– Интересно знать, что же вы считаете самым трудным в нашей работе? – запальчиво спросила Вихоть, и меня охватила тоска от бессмысленности нашего разговора, его бесплодности и безнадежности. Нельзя словами раскрасить пепельно-серый мир дальтоника.
– Я, наверное, не смогу вам этого объяснить, но сказать вам о том, чем занимался целую жизнь Коростылев, я обязан. Несколько десятилетий подряд он множеству детишек мягко и настойчиво прививал мысль, ощущение, мировоззрение, что класс, школа, город, страна, мир – огромная семья этого маленького человека, и все нуждаются в его помощи и участии. Он приучал нас к мысли, что наша история – это не хронологическая таблица в конце потрепанного учебника, а наша родословная, живое предание о нашем общем вчера, без которого не может быть завтра. Он объяснил, растолковал, уговорил нас всех, заставил поверить, что литература – это не образ Базарова или третий сон Веры Павловны, а мироощущение народа, его ищущая, страдающая и ликующая душа, выкрикнутая в вечность… А-а! – махнул я рукой с досадой. – Что там говорить сейчас!
– Действительно, что вам со мной говорить! Где уж нам понять вас, столичных! – обиженно проржала Вихоть. – Но я, между прочим, на разговор с вами не набивалась…
– Это правда, – согласился я. Впереди замаячил перекресток, и мне стало любопытно, куда она повернет – налево или направо? – Вы действительно на разговор со мной не набивались. Мне даже показалось, что вы избегаете разговора со мной.
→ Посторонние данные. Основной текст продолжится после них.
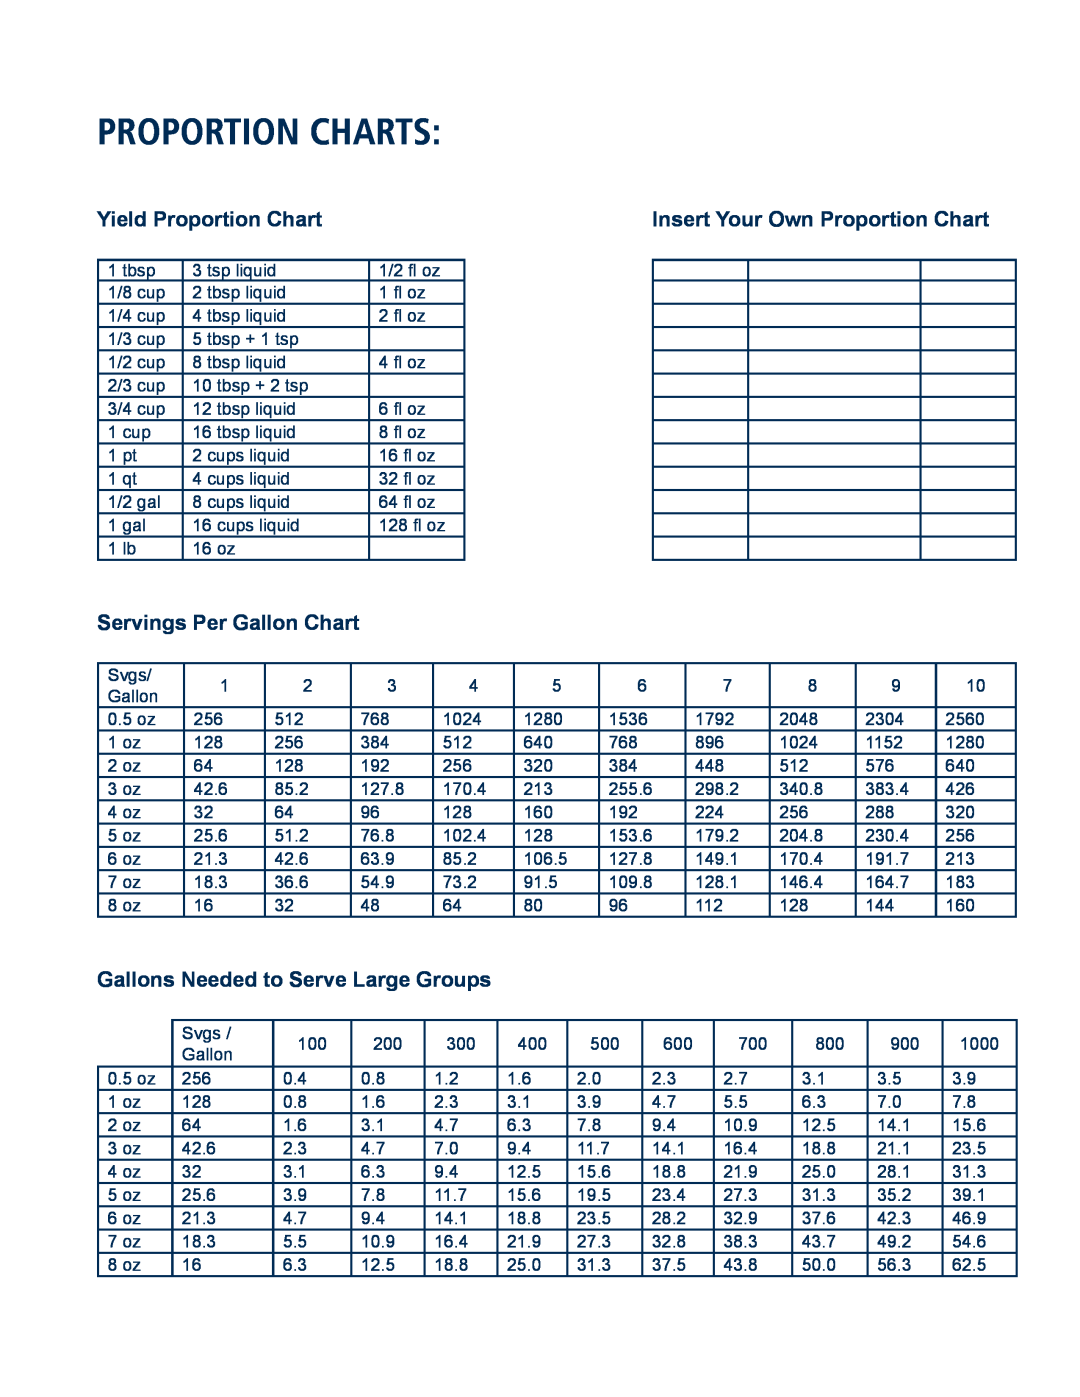 Unified Brands Braising Pan manual Proportion Charts, Yield Proportion Chart, Insert Your Own Proportion Chart

– Это почему же еще? – вскинулась она и, убыстрив шаг, не дожидаясь моего ответа, свернула за угол направо. – Чего это мне избегать разговора с вами?
– Вы избегаете со мной серьезного разговора о том, что могло произойти в школе…
– А что должно было произойти в школе? Слава богу, в моей школе все в порядке! – Она говорила с нажимом: В МОЕЙ ШКОЛЕ… ВСЕ… В ПОРЯДКЕ…
– Сомневаюсь…
– А мне безразлично, сомневаетесь вы или нет! К школе это не может иметь отношения… И конечно, мне не нужно, чтобы вы без серьезных оснований тормошили всех, допрашивали-переспрашивали… Всю школу перебулгачите, а результатов будет – нуль…
– А у меня есть серьезные основания, – сказал я уверенно. – По крайней мере два…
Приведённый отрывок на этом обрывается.